Sus ojos se encontraron por primera vez, y por una fracción de segundo, su mente quedó completamente en blanco.
—Ah…
El sonido se escapó antes de que pudiera detenerlo.
Su corazón saltó, y parpadeó rápidamente, sus pensamientos dando vueltas.
«Es tan… guapo».
«¿Realmente es nuestro Señor?»
«Se ve mucho mejor en persona».
«Tal vez solía ser modelo o algo así».
«¿Tendrá novia?»
Sus mejillas se sonrojaron antes de que se diera cuenta.
Trató de componerse, pero la expresión de Isaac era tranquila, lo que de alguna manera lo hacía peor.
—¿Isla, puedes oírme?
—…¡! —Parpadeó, dándose cuenta de que se había quedado completamente abstraída—. ¡S-Sí! Puedo oírlo, Señor. Perdón, me distraje por un segundo.
—Está bien —dijo Isaac con suavidad. Luego añadió:
— Quiero que vengas conmigo a la mazmorra.

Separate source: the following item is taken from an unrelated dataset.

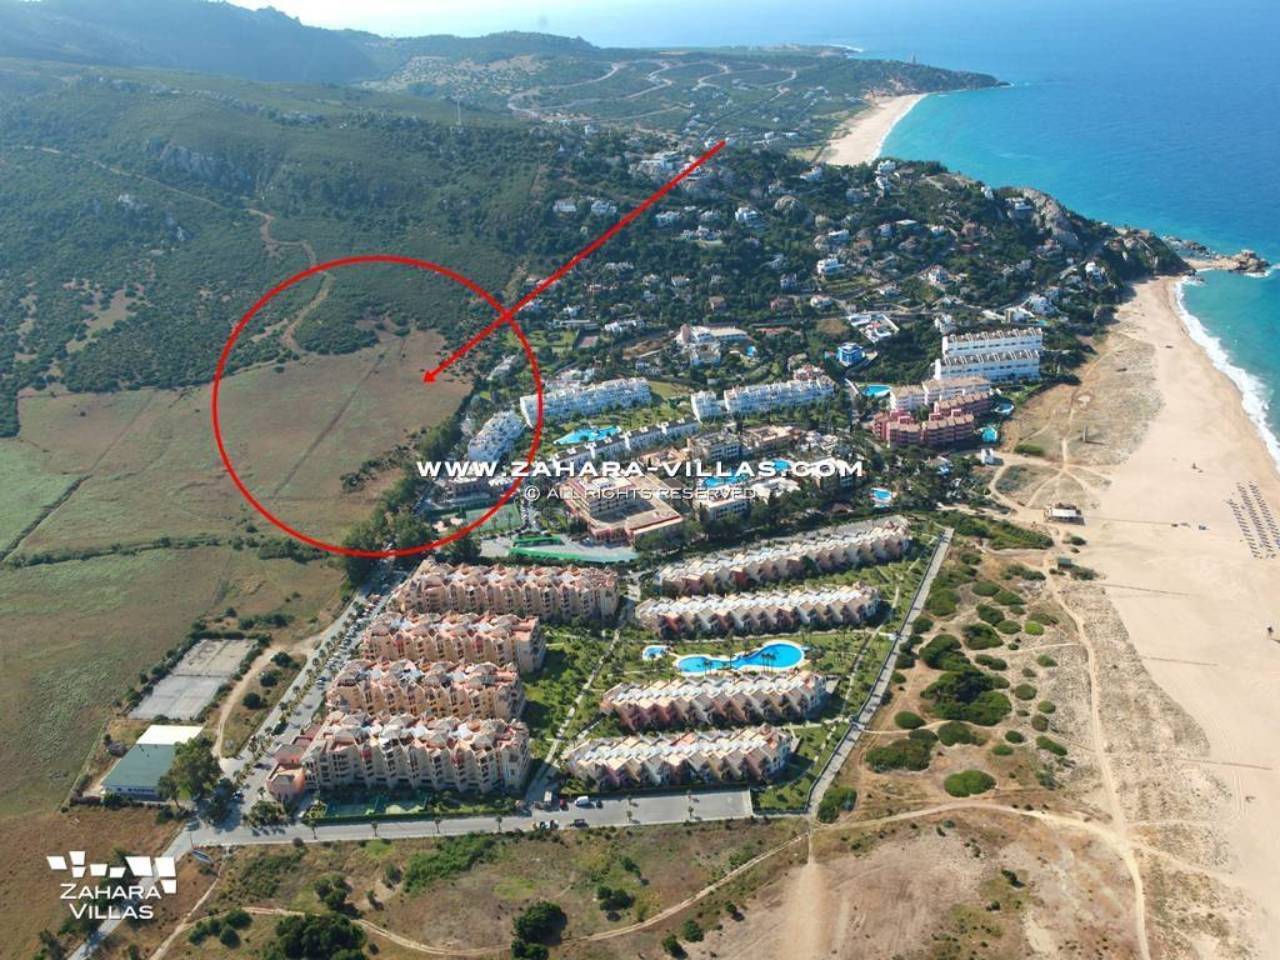 Imagen 2 de Grundstück in einem neuen Wohngebiet mit Blick auf das Meer und den zukünftigen Golfplatz

No te obligaré, pero si aceptas, recibirás una compensación adecuada…
—De acuerdo.
Isaac parpadeó.
—¿Eh?
—¡Le seguiré, Señor! —dijo Isla rápidamente, enderezándose como un soldado a punto de saludar.
Las cejas de Warn se dispararon hacia arriba.
La boca de Beatrice se abrió ligeramente con incredulidad.
Isaac levantó una ceja.
—¿Incluso sin escuchar la compensación adicional?
—No necesito compensación adicional —dijo Isla, negando con la cabeza demasiado rápido—. No sería justo para los demás. Es solo que…
Dudó por un momento, bajando la voz.
—Me protegerá si algo sale mal, ¿verdad? ¿Señor?
La zona quedó completamente en silencio por un instante.
Varios Despertados intercambiaron miradas, algunos confundidos, otros simplemente mirando con expresión vacía.
Esa era la misma Isla Taylor que solía rechazar incursiones a mazmorras por miedo a ser emboscada. La misma mujer que una vez se escondió detrás de un escuadrón entero durante una incursión en mundo abierto.
La mandíbula de Warn se tensó.
—¿Aceptó… tan fácilmente? —murmuró entre dientes.
Beatrice solo suspiró.
—Increíble.
Algunos otros comenzaron a susurrar.
Algunos sonreían; otros parecían estar tratando de no reír.
El aire a su alrededor cambió de tensión a algo más cercano a la diversión leve.